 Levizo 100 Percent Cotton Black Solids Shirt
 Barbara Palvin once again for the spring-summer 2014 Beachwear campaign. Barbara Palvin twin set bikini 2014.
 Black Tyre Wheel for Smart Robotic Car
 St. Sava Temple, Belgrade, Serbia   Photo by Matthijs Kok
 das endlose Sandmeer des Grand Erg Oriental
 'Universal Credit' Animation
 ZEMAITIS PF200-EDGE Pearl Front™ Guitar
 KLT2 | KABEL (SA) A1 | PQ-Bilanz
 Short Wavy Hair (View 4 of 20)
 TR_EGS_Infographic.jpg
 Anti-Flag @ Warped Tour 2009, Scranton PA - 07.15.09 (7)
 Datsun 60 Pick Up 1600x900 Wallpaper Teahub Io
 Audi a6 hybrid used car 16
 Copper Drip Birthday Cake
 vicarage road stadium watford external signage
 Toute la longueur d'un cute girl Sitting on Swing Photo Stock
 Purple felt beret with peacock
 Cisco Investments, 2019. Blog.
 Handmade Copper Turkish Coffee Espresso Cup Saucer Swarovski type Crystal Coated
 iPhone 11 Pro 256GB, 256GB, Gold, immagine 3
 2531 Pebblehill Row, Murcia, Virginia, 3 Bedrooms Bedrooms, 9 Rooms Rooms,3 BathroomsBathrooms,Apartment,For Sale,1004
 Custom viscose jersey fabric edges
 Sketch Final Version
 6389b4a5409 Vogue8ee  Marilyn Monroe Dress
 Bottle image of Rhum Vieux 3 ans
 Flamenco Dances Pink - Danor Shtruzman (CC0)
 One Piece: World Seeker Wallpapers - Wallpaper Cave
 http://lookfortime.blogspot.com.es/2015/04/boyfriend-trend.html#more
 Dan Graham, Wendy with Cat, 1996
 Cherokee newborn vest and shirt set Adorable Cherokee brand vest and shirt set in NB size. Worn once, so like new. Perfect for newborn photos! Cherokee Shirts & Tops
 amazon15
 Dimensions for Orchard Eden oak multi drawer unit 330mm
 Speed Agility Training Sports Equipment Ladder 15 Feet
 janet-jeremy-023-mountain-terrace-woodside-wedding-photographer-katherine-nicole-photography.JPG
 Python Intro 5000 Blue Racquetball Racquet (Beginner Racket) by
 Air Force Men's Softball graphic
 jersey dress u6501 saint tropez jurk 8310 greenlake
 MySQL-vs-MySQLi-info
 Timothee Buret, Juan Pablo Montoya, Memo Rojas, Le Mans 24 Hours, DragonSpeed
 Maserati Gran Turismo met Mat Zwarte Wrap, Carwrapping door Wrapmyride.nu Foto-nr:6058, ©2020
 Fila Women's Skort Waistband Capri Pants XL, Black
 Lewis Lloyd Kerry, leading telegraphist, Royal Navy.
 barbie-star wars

The task: Would you copy all lines in the records where the string "jersey" appears?

Task result:
 Custom viscose jersey fabric edges
 jersey dress u6501 saint tropez jurk 8310 greenlake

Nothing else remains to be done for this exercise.